Network Security Internet Technology Development Database Servers Mobile Phone Android Software Apple Software Computer Software News IT Information

In addition to Weibo, there is also WeChat

Please pay attention

WeChat public account

Shulou

How to solve the blank of skywalking market caused by the bottleneck of Elasticsearch writing?

2025-01-19 Update From: SLTechnology News&Howtos shulou NAV: SLTechnology News&Howtos > Development >

Share

Shulou(Shulou.com)06/01 Report--

This article mainly explains "how to solve the blank of skywalking market caused by the bottleneck of Elasticsearch writing". Interested friends may wish to take a look. The method introduced in this paper is simple, fast and practical. Next, let the editor take you to learn how to solve the blank of the skywalking market caused by the bottleneck of Elasticsearch writing.

Preface

Less than a month after the last skywalking failure, "parsing Arthas to assist in troubleshooting online skywalking unavailable problems", online skywalking went wrong again. The market is blank again, and the recent data in the trace list cannot be queried, but the data that takes a long time can be queried. For example, there is data one day ago, but there is no data an hour ago. This is just an appearance. Finally, the crux of the problem is the bottleneck of ES service writing, which leads to the blocking of the writing thread. The following is the troubleshooting process and solution description.

Problem positioning

The tool is the same as the tool Arthas. If you don't understand it, you can read my previous blog post. I don't explain Arthas here. This time, however, we have applied a new advanced instruction thread, which can view the current thread information and view the thread's stack. When there is no data in the skywalking market, use the following instructions:

Thread-bTHREAD-B to find out which threads are currently blocking other threads

Sometimes we find that the application is stuck, usually because one thread holds a lock and other threads are waiting for the lock. To troubleshoot such problems, arthas provides thread-b to identify the culprit with one click. Finally, the following results are obtained:

As in the picture above, I believe you have already seen the problem, focusing on the part where the red font arrow points. I have to say that Arthas has done a great job. The crux of the problem is that the bulk write failure thread of ES is blocked.
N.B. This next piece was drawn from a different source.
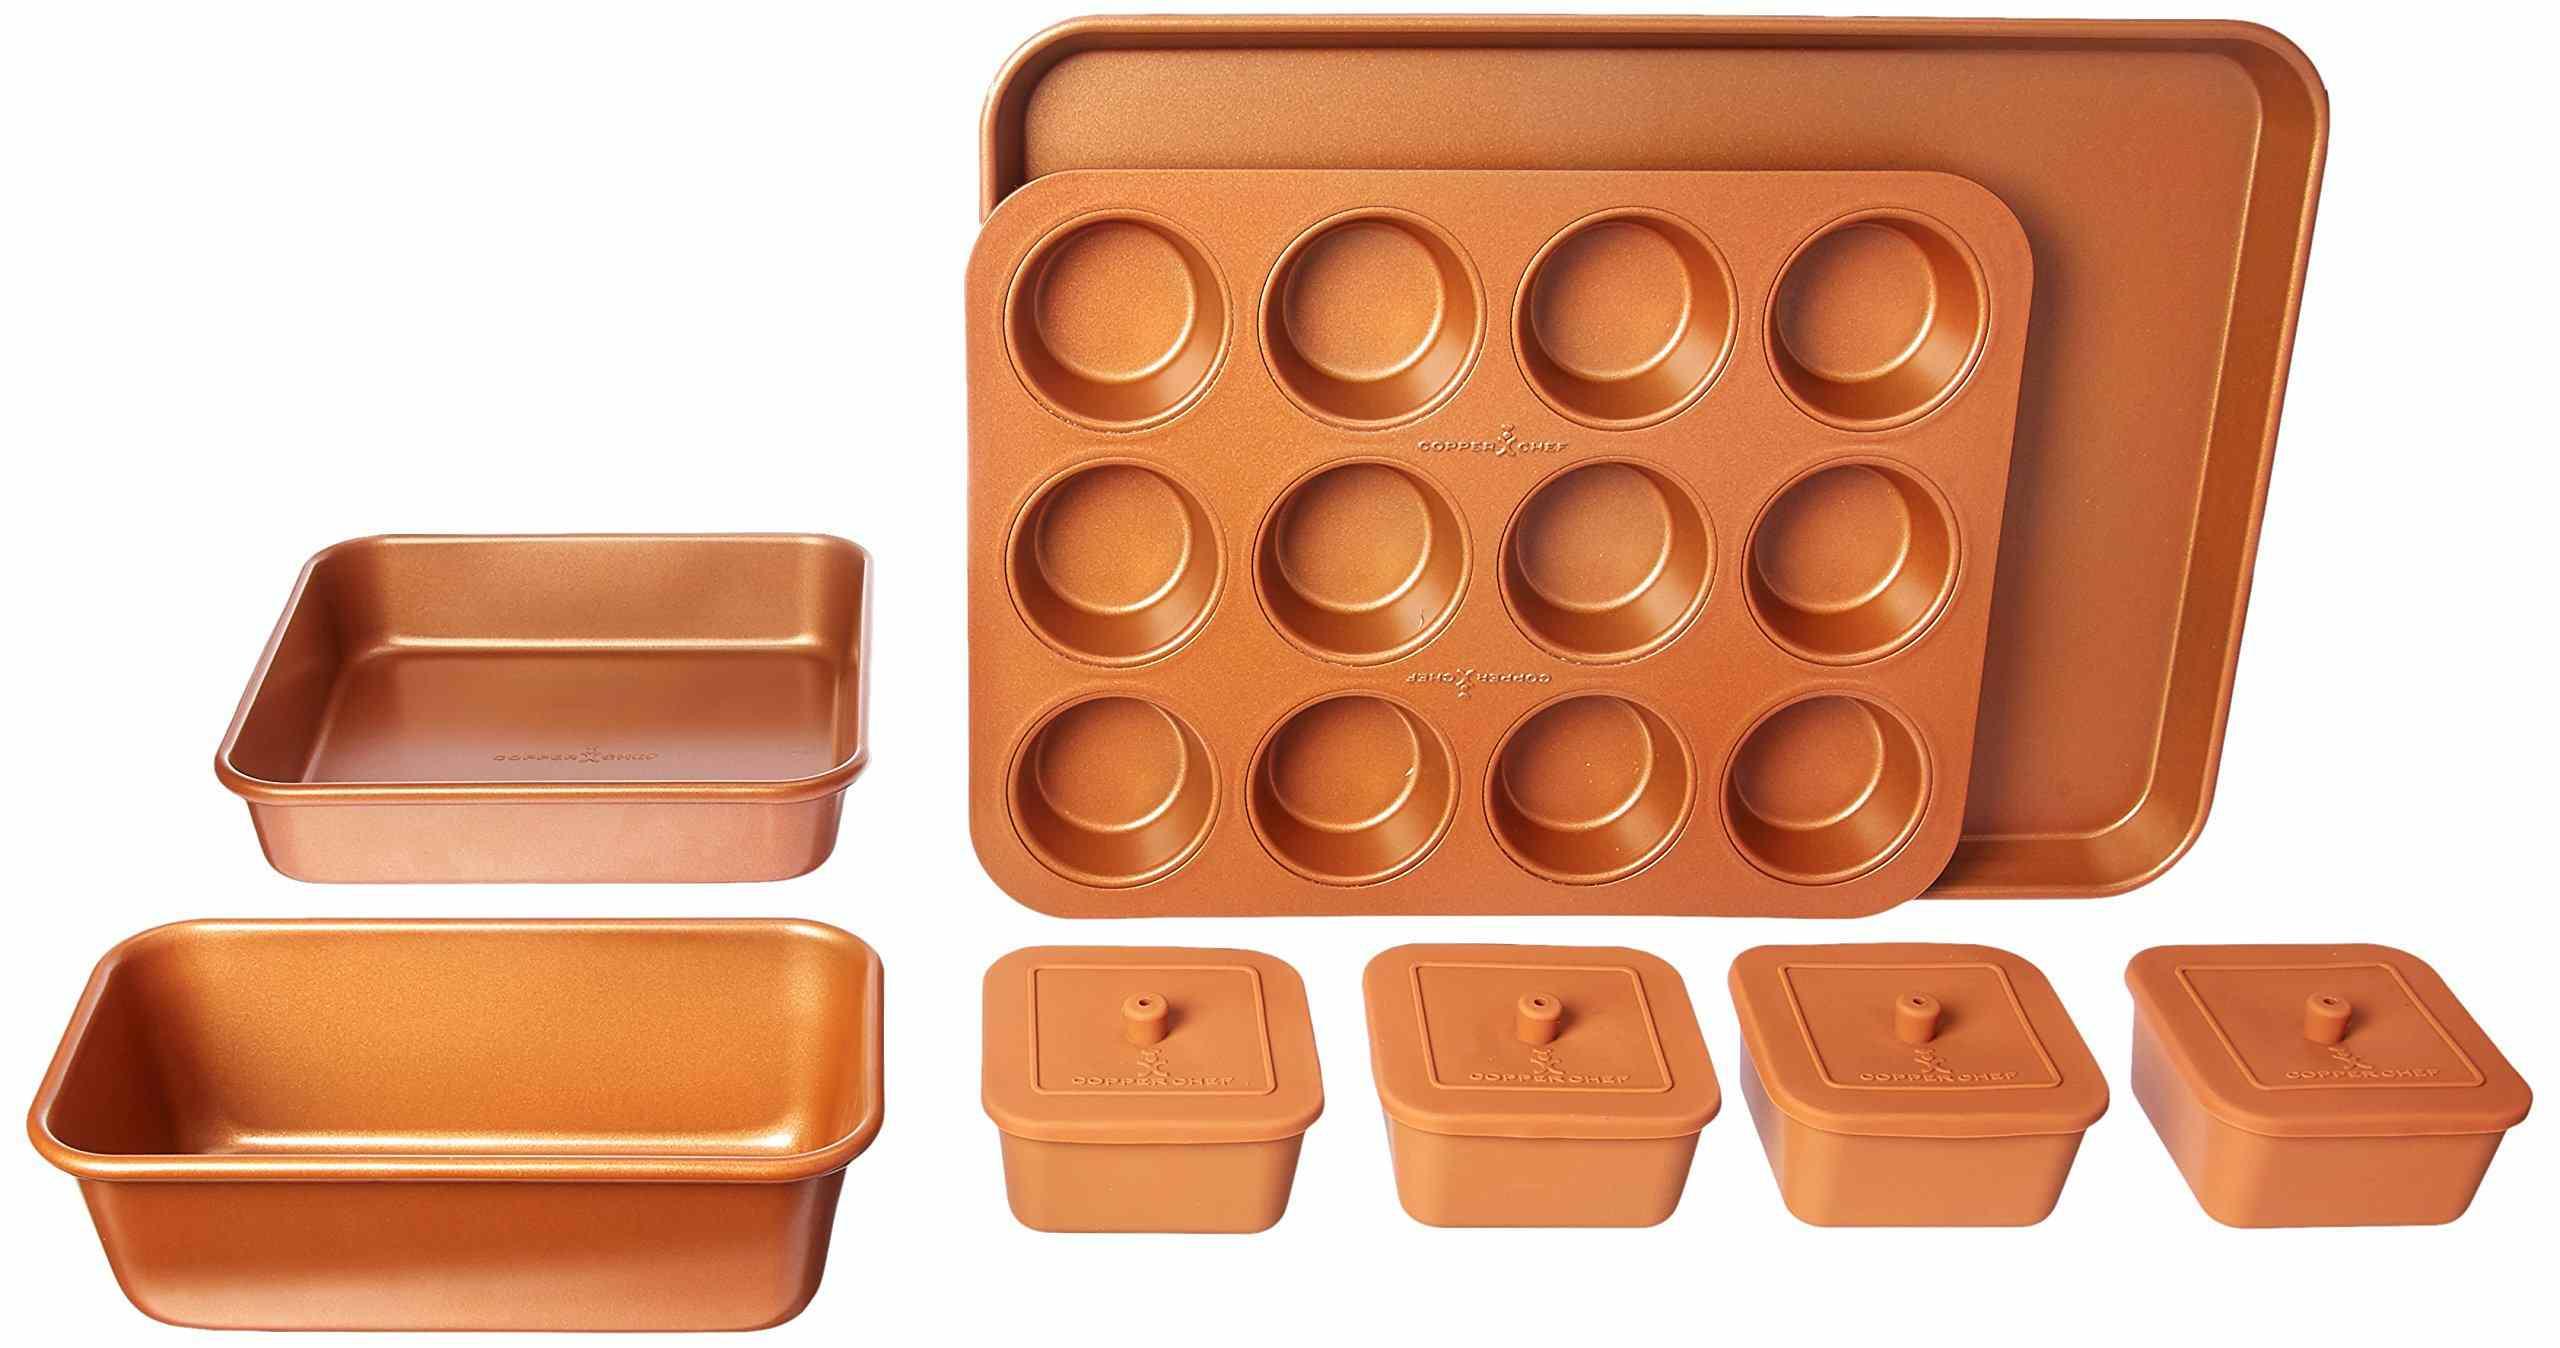 Copper Chef 12-Piece Set Nonstick Oven Bakeware

Later, I learned from the community that it was because of the bottleneck of ES writing that the thread was blocked when skywalking was bulk writing to the index. The period of data that caused the blocking was not written to ES, and then there was no problem with the query, and the appearance was that the blank market of skywalking could not query the recent data.
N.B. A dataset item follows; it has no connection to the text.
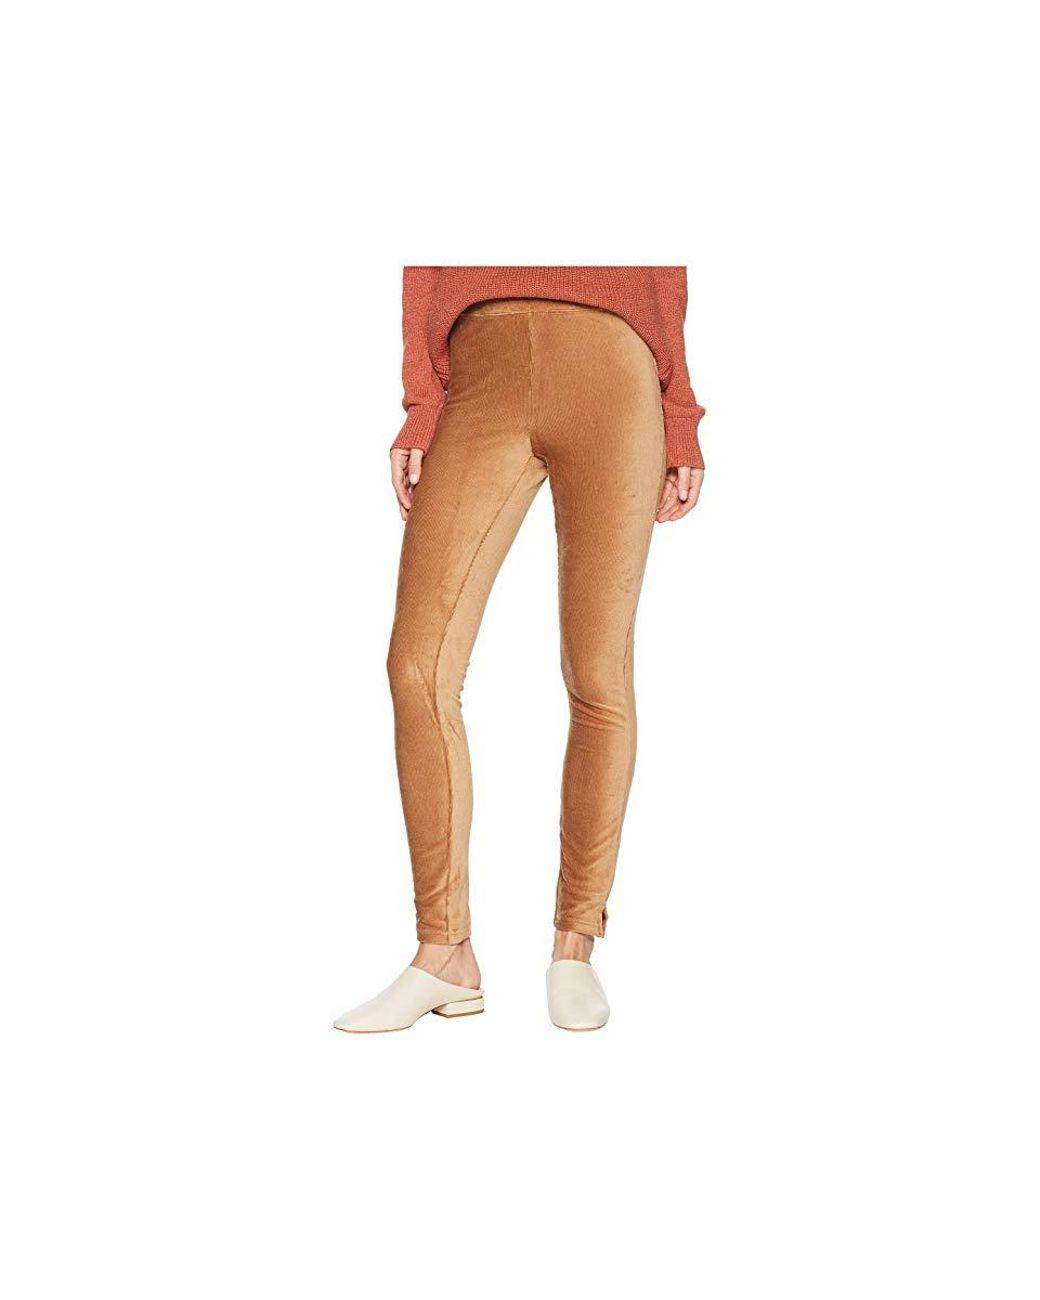 916681da42cab4 Hue High-waist Corduroy Leggings (caramel) Casual Pants in Brown - Lyst

Solution interim solution, SKYWALKING parameter tuning

Skywalking writes to ES using ES's bulk write interface. We can adjust the dimensions of these batches. Minimize the frequency of writing ES indexes, such as:

Elasticsearch: clusterNodes: 192.168.20.221:9200 indexShardsNumber: 2 indexReplicasNumber: 0 # Batch process setting Refer to https://www.elastic.co/guide/en/elasticsearch/client/java-api/5.5/java-docs-bulk-processor.html bulkActions: 4000 # Execute the bulk every 2000 requests bulkSize: 40 # flush the bulk every 20mb flushInterval: 30 # flush the bulk every 10 seconds whatever the number of requests concurrentRequests: 2 # the number of concurrent requests receiver-register: default:receiver-trace: default: bufferPath:.. / trace-buffer/ # Path to trace buffer files Suggest to use absolute path bufferOffsetMaxFileSize: 500 # Unit is MB bufferDataMaxFileSize: 1000 # Unit is MB bufferFileCleanWhenRestart: false

Adjust bulkActions default 2000 requests to 4000 writes at a time. Batch refresh from 20m to 40m. This configuration tuning did take effect, and there was no blocking of ES writes for two or three days after restarting the service. However, this setting is only temporary, you can only hope that the traffic will not burst, or the application will not increase. Once there is an increase in sudden traffic and applications, the bottleneck of ES writing will still be highlighted. Moreover, too large parameter setting brings a new problem, that is, the data writing delay will be relatively large, and the trace of a service interaction can only be queried on the skywalking page for a long time. So the ultimate solution is to optimize the write performance of ES.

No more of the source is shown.